=== Exercise objective ===
Write the records below out again word for word, with the pictures removed.

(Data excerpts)
=======
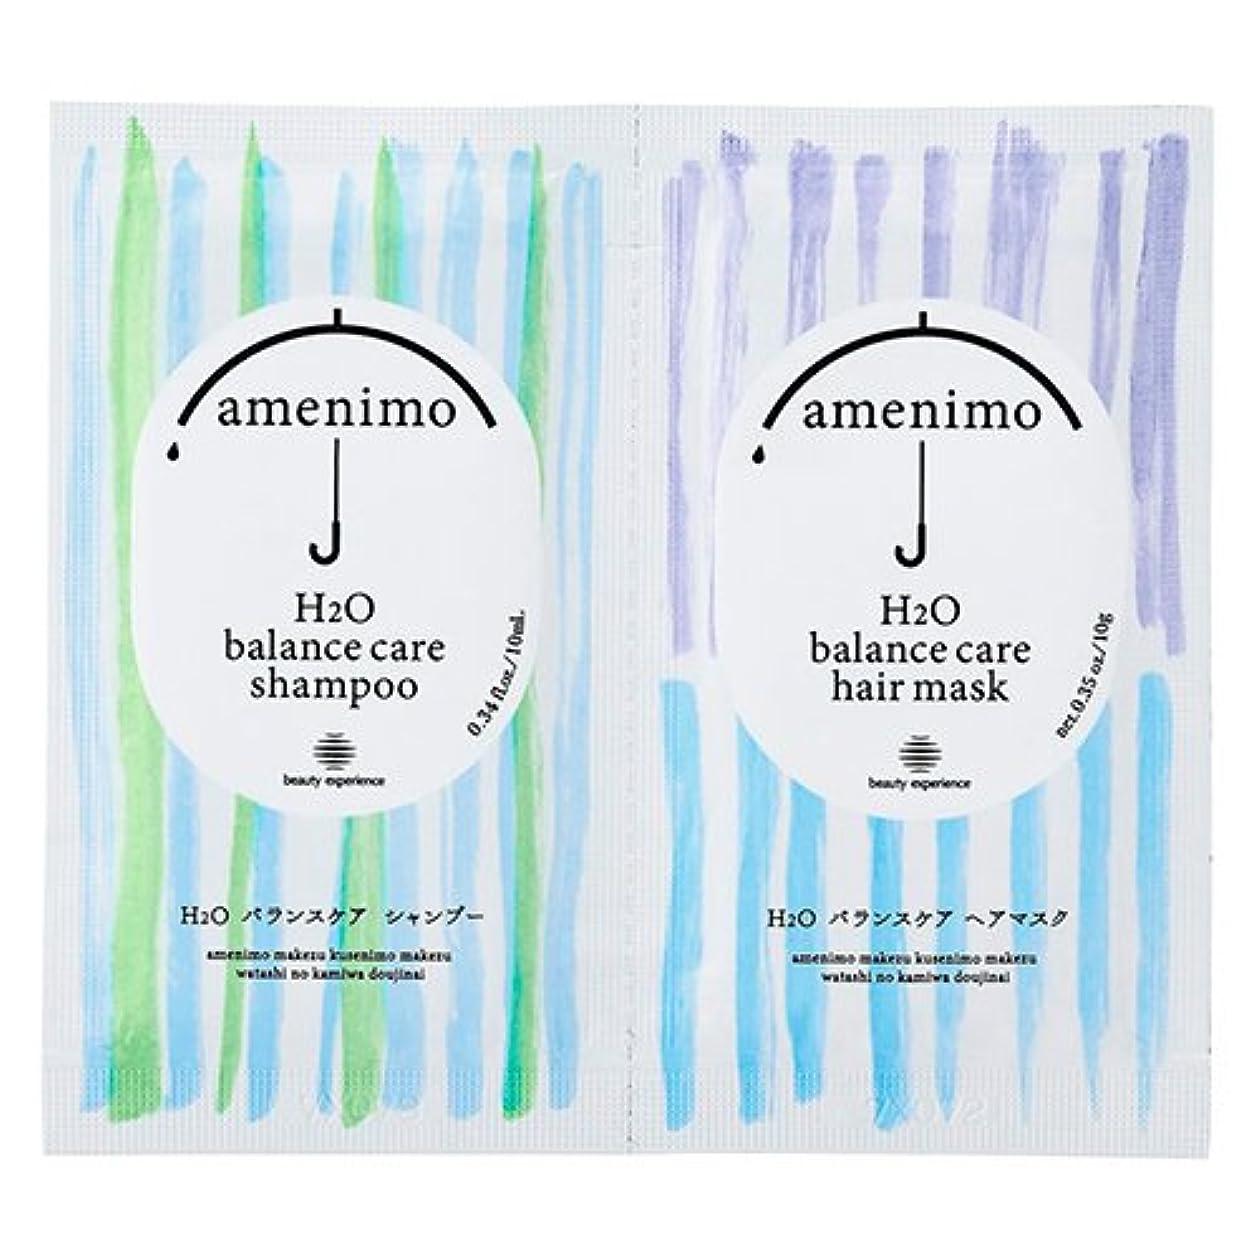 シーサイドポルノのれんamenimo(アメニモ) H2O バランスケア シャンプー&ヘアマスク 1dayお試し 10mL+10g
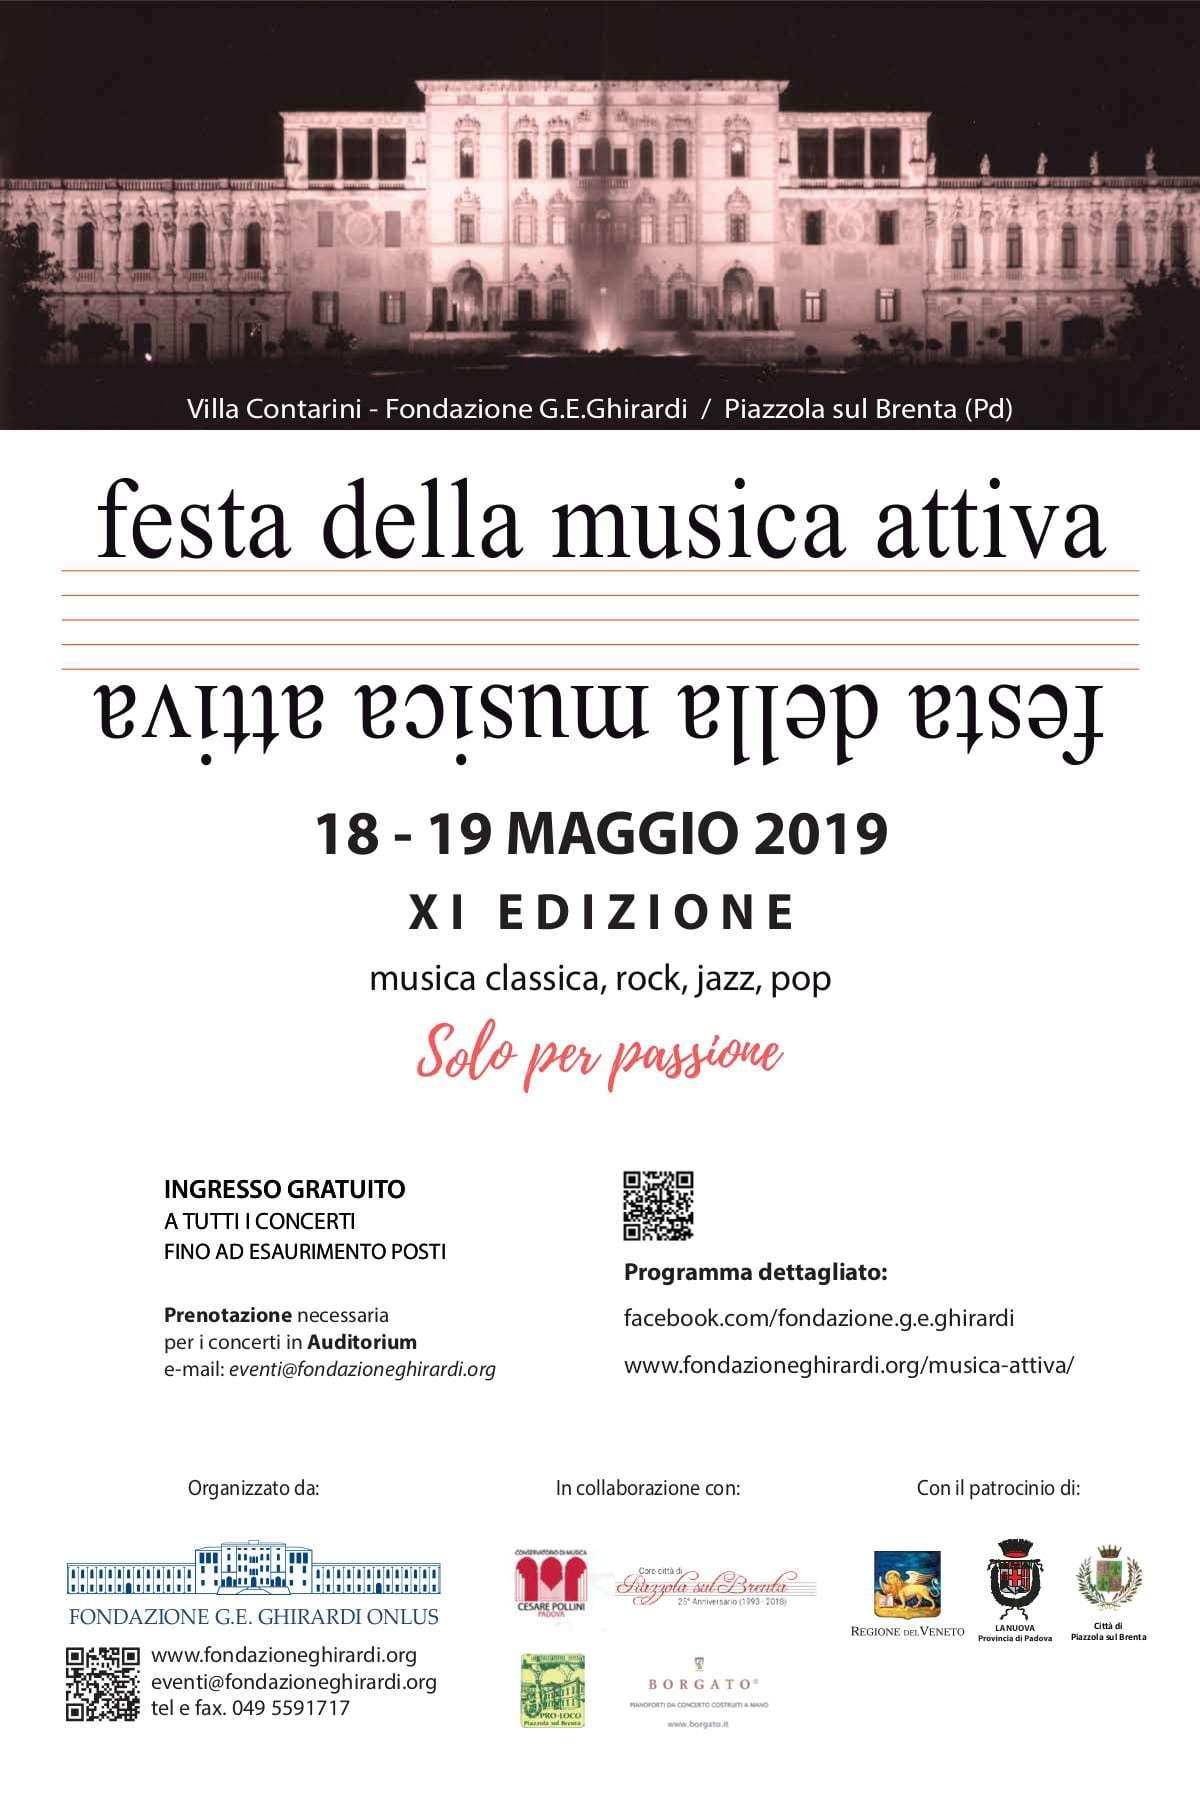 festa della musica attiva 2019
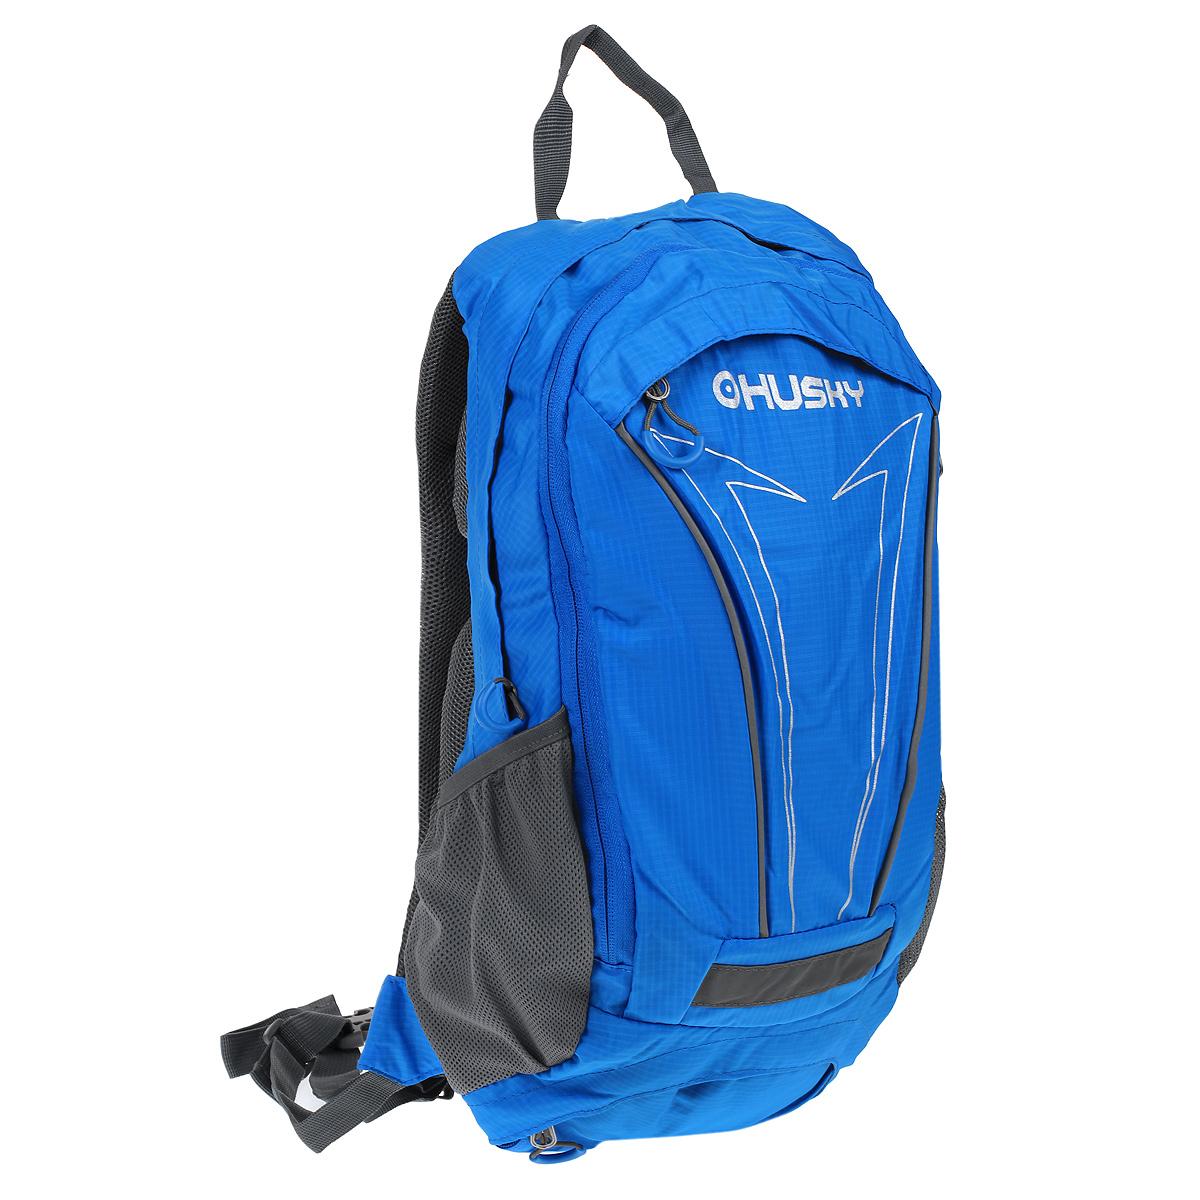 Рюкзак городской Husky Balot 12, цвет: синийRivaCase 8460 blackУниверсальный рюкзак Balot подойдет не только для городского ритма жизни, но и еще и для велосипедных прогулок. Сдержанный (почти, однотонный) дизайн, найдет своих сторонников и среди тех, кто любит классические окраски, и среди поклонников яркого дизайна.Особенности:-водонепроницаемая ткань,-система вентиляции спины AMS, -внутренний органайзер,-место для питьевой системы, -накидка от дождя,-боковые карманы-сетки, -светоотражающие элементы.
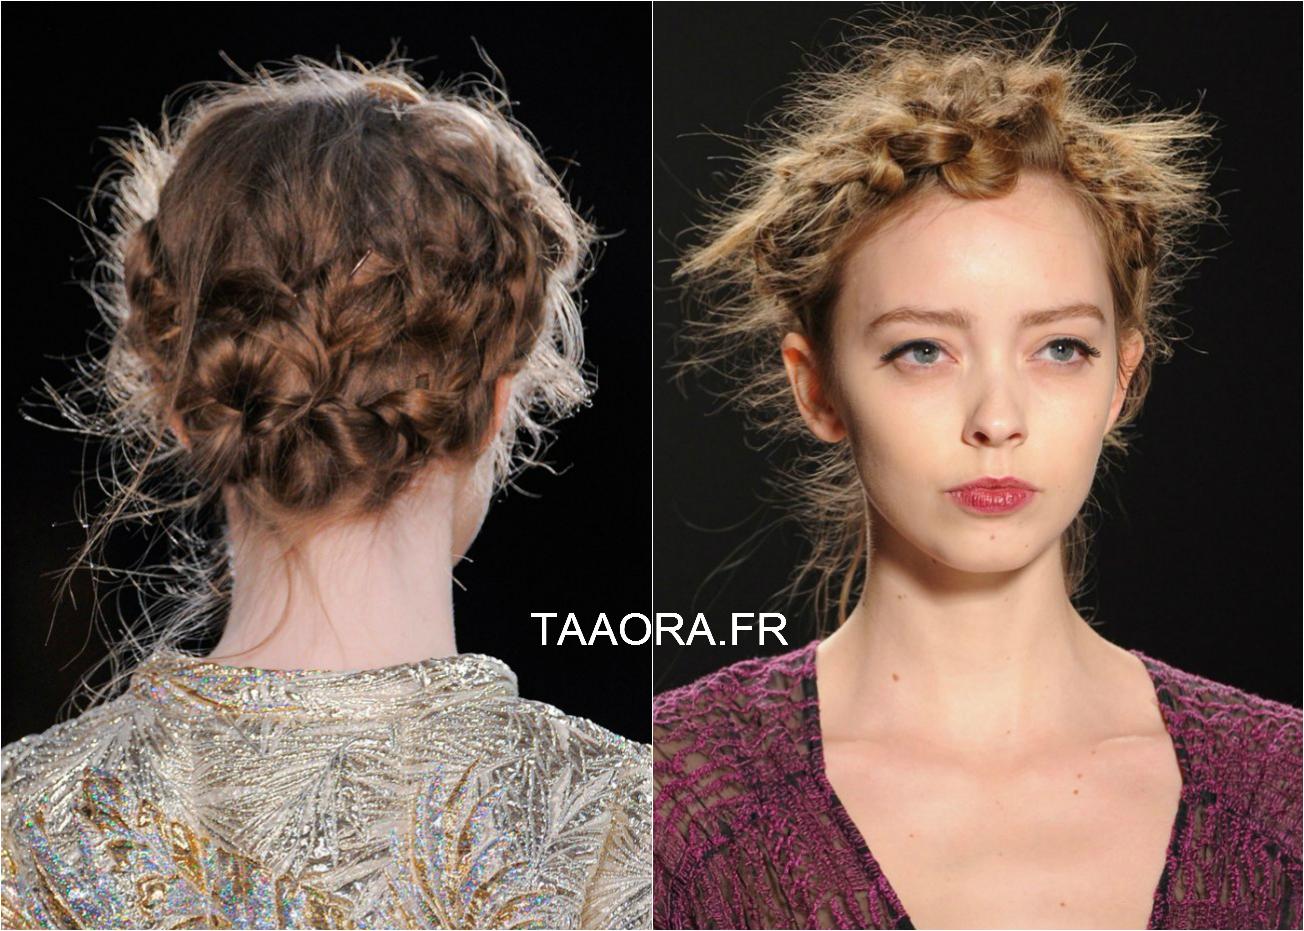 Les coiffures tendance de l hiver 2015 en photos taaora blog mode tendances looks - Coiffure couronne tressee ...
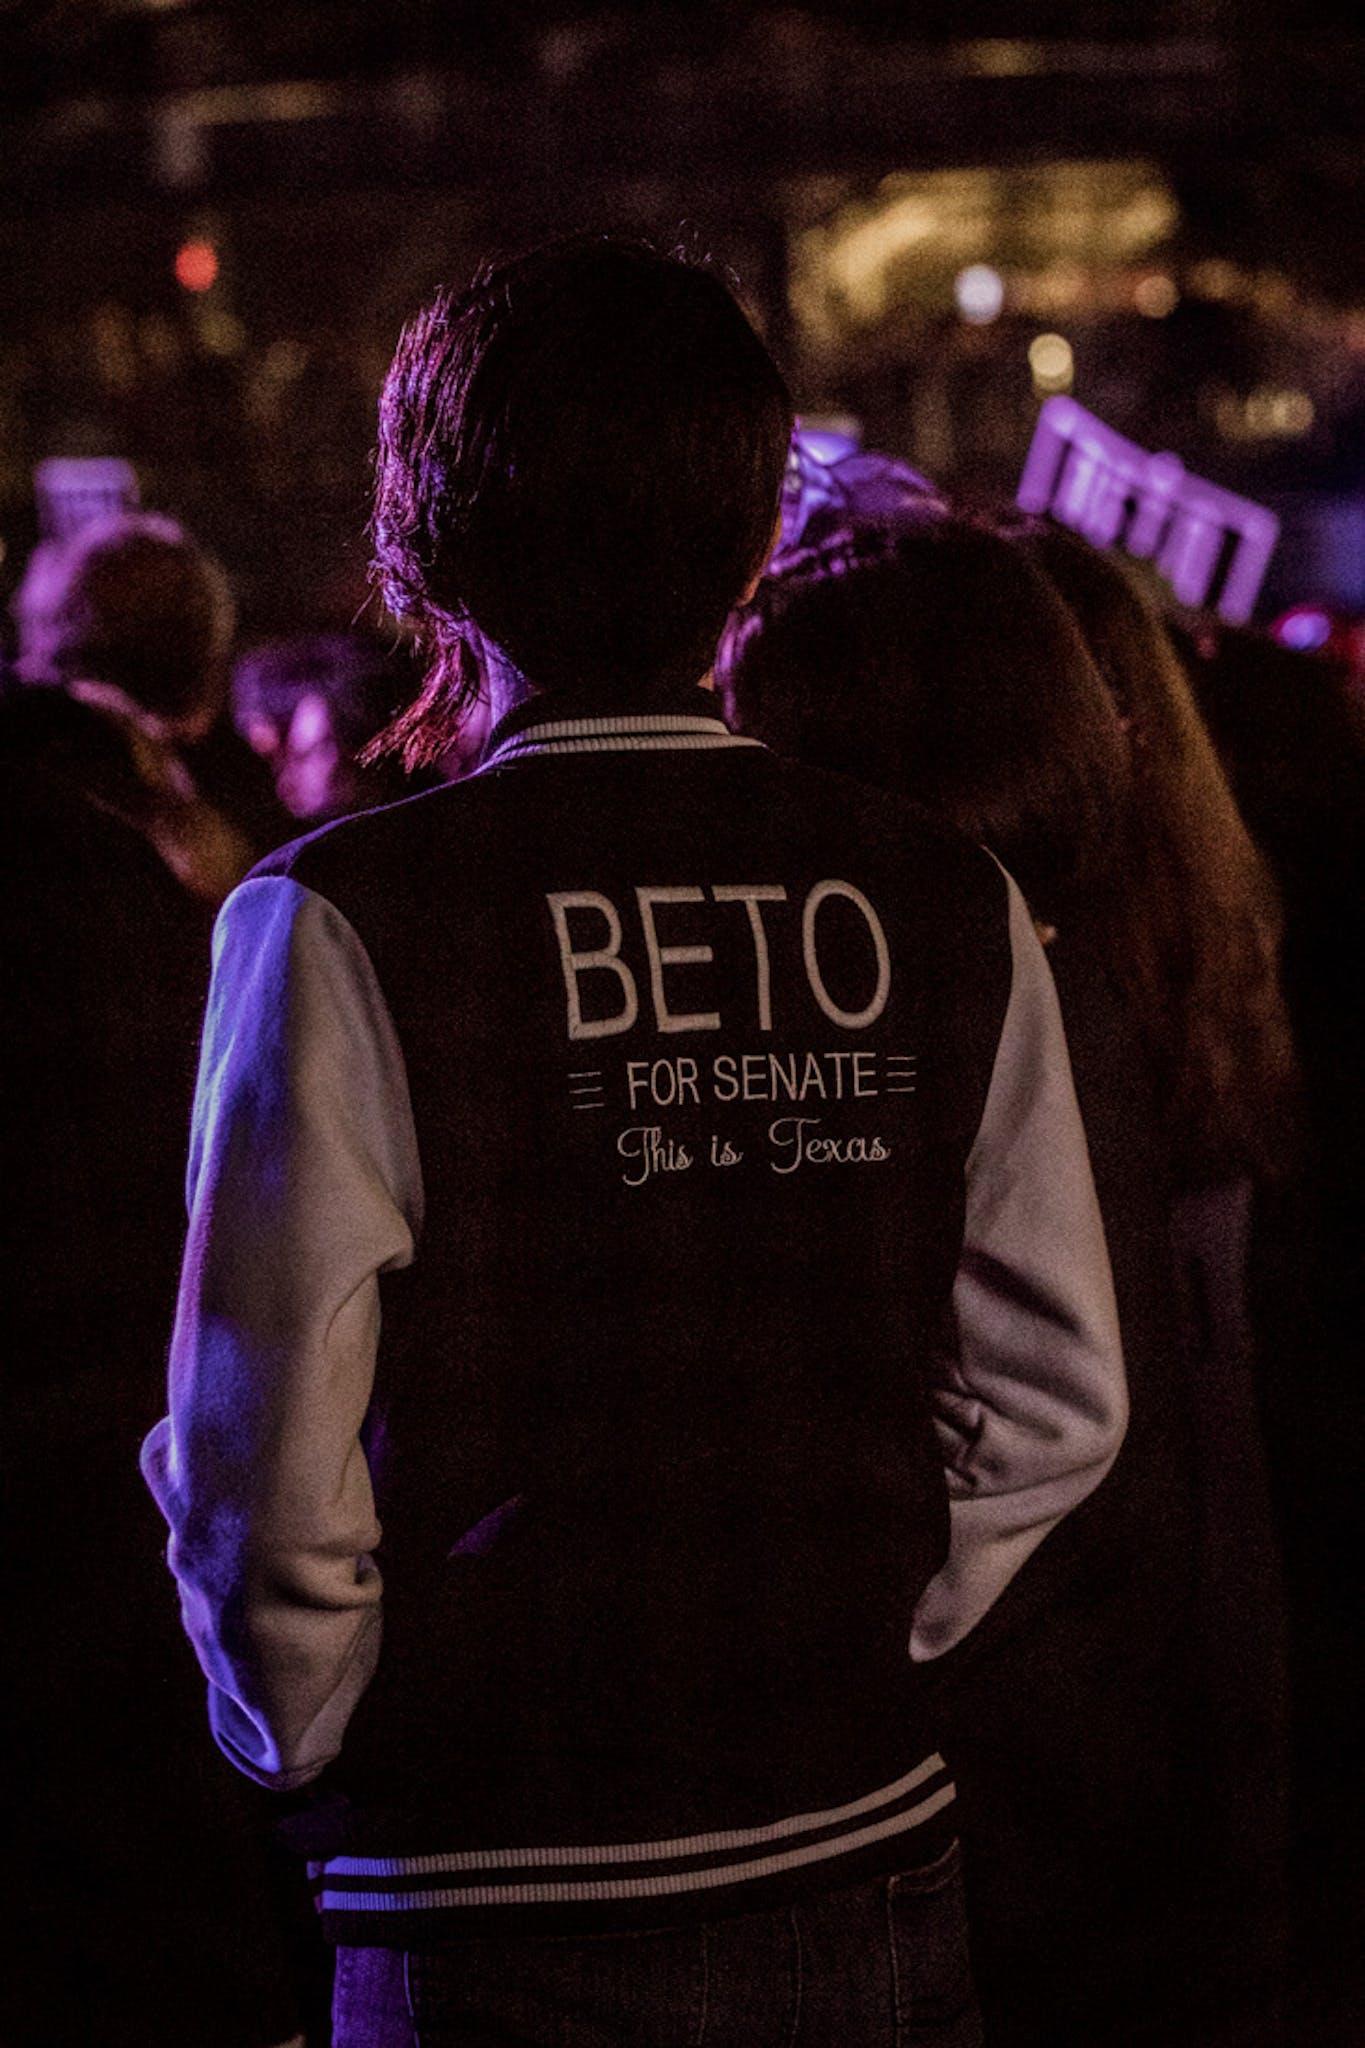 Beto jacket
=======
=== Completed exercise ===
 シーサイドポルノのれんamenimo(アメニモ) H2O バランスケア シャンプー&ヘアマスク 1dayお試し 10mL+10g
 festa della musica attiva 2019
 Рюкзак городской Husky Balot 12, цвет: синийRivaCase 8460 blackУниверсальный рюкзак Balot подойдет не только для городского ритма жизни, но и еще и для велосипедных прогулок. Сдержанный (почти, однотонный) дизайн, найдет своих сторонников и среди тех, кто любит классические окраски, и среди поклонников яркого дизайна.Особенности:-водонепроницаемая ткань,-система вентиляции спины AMS, -внутренний органайзер,-место для питьевой системы, -накидка от дождя,-боковые карманы-сетки, -светоотражающие элементы.
 Les coiffures tendance de l hiver 2015 en photos taaora blog mode tendances looks - Coiffure couronne tressee ...
 Beto jacket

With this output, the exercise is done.